Serially Putrid

'88 Minutes' is so criminally bad, the filmmakers should go to prison

I really, really like chocolate-covered cherries. They're, like, my favorite candy in the whole wide world, and when I have them, I smile and sometimes sing.

This has absolutely nothing to do with 88 Minutes, the new movie from a grouchy, grousing Al Pacino. I just wanted to say something nice and positive off the bat, to provide a little happiness before the bile I'm about to spew.

The movie stars Pacino as Dr. Jack Gramm, some dickhead with a job you only find in movies. He's a wealthy doctor and college professor in Seattle, where he teaches young people about the minds of serial killers like Ted Bundy and John Wayne Gacy. After his testimony contributes to the imprisonment of an allegedly sick dude named Jon Forster (Neal McDonough), the guy turns to him in the courtroom and says, "Tick, tock, Doc!" implying that the good doctor's days are numbered.

Years later, when Forster is about to be executed, Gramm receives a phone call telling him he only has 88 minutes to live. In the nine years of Forster's imprisonment, the Seattle Slayer has been killing women in very much the same fashion in which Forster supposedly killed, suggesting that perhaps the wrong man went to jail. With 88 minutes to live, Gramm needs to avoid being implicated in those murders while figuring out how to live. I'm not giving much away here ... it's in the commercials.

As the minutes tick away, Gramm gets a lot of phone calls informing him exactly how many minutes are left before he dies. The future killer also leaves signs for Gramm, my favorite being a vandalized car with the exact amount of minutes left scrawled on the windshield. What if Gramm had stopped for a cup of coffee, or perhaps a healthy salad, before returning to the car?
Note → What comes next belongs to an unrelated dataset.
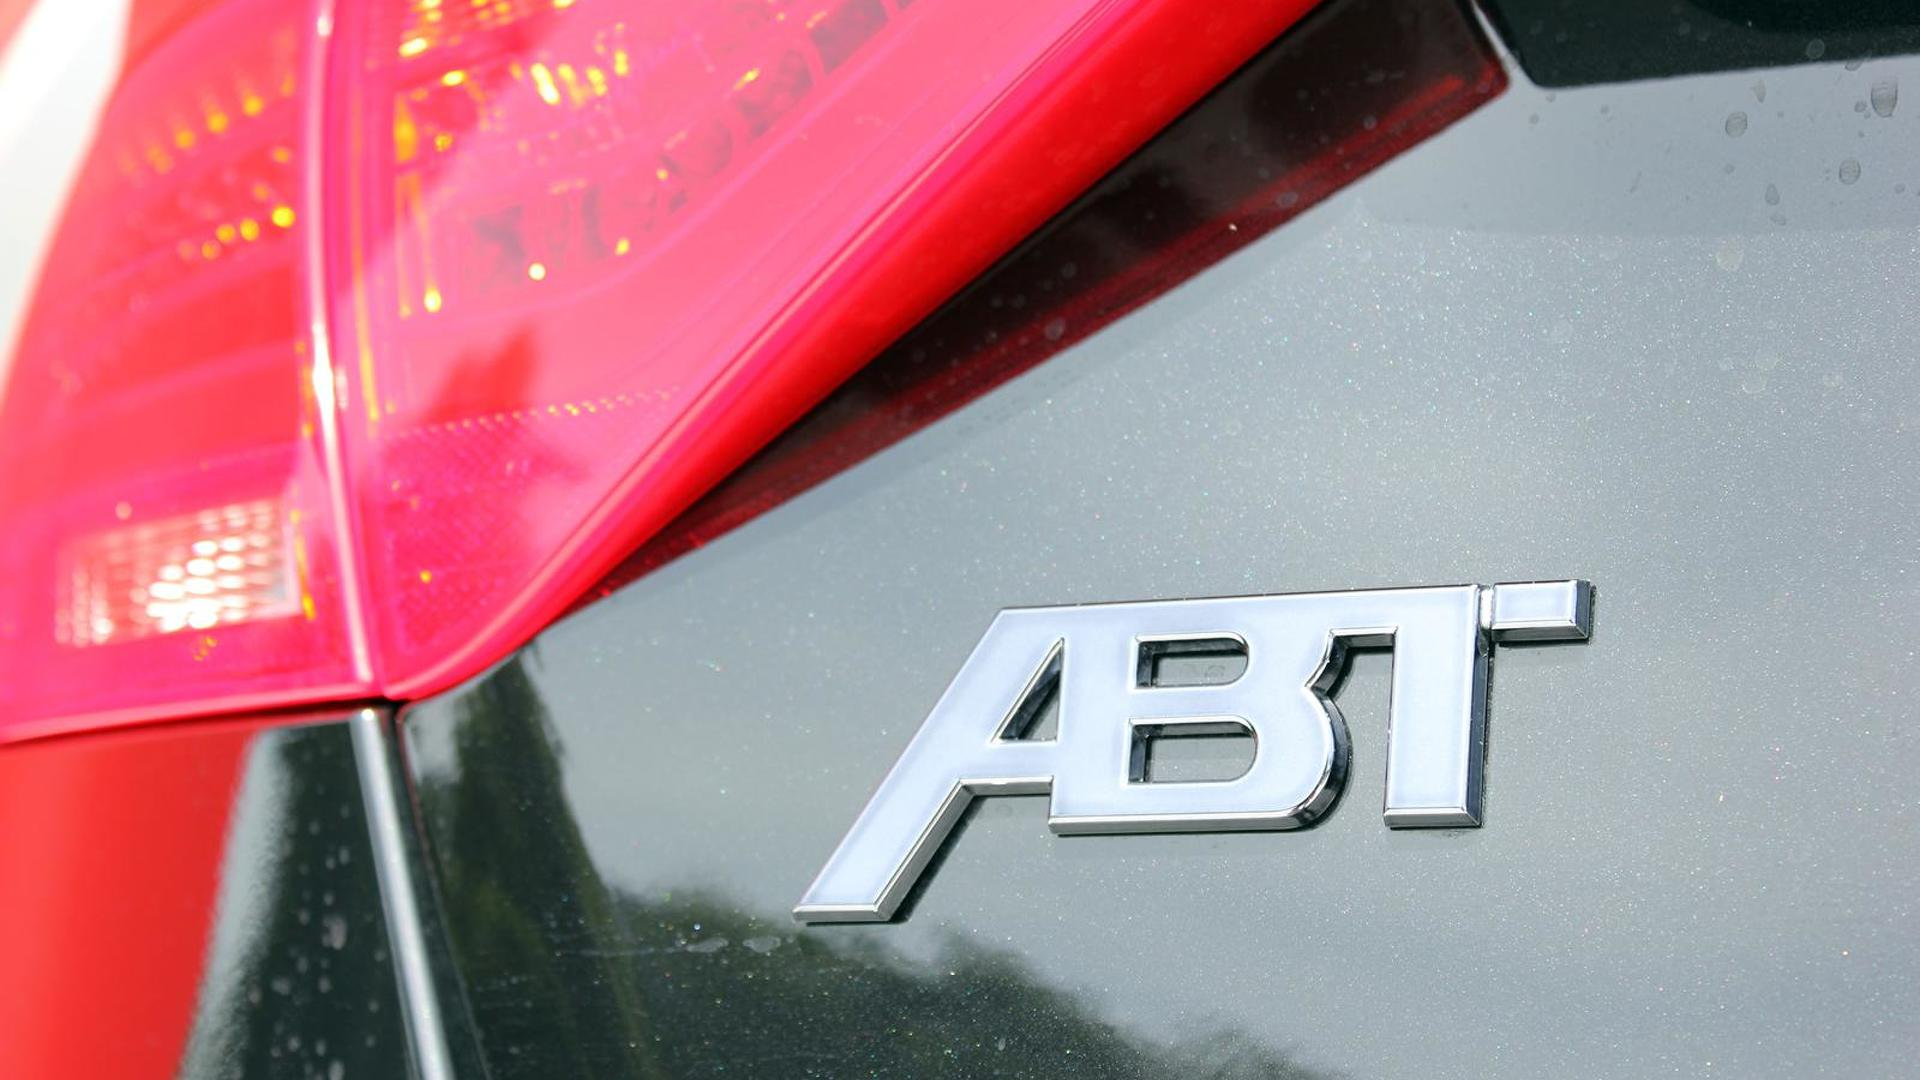 Логотип ABT на крышке багажника Audi A5 Sportback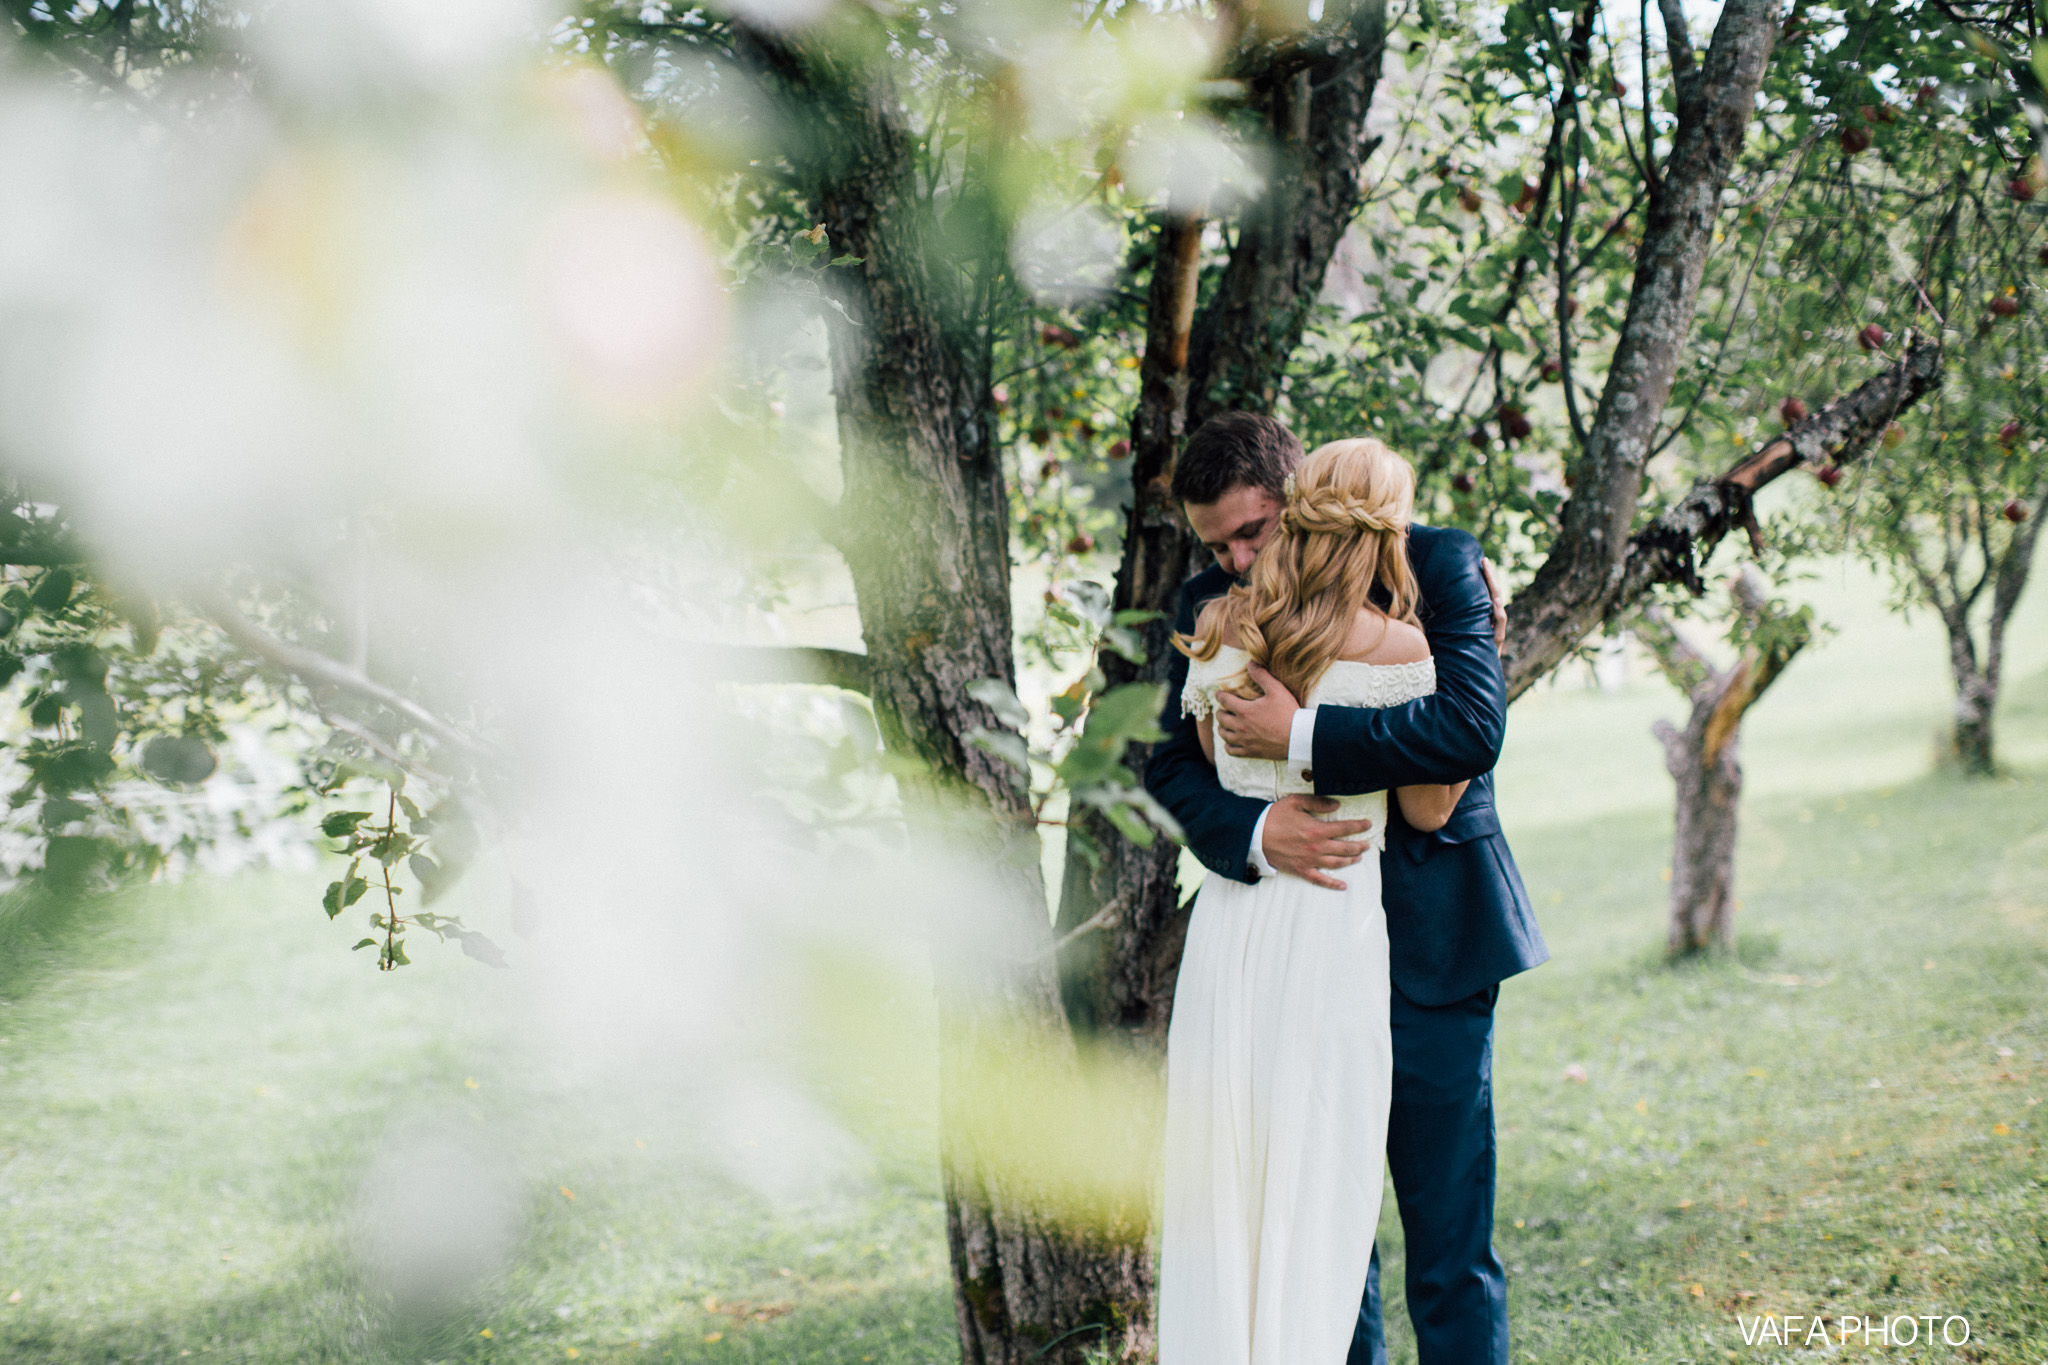 Belsolda-Farm-Wedding-Christy-Eric-Vafa-Photo-47.jpg

This is one anal and/or psychic serial killer/car molester.

Pacino is just sleepwalking through this thing. The guy looks embalmed, with a comical stack of hair flailing atop his head. You'd be hard-pressed to find a Pacino film worse than this, and he was in Gigli. He just sort of tries to "Pacino" his way through the whole freaking mess, to no avail. The man is hopelessly lost.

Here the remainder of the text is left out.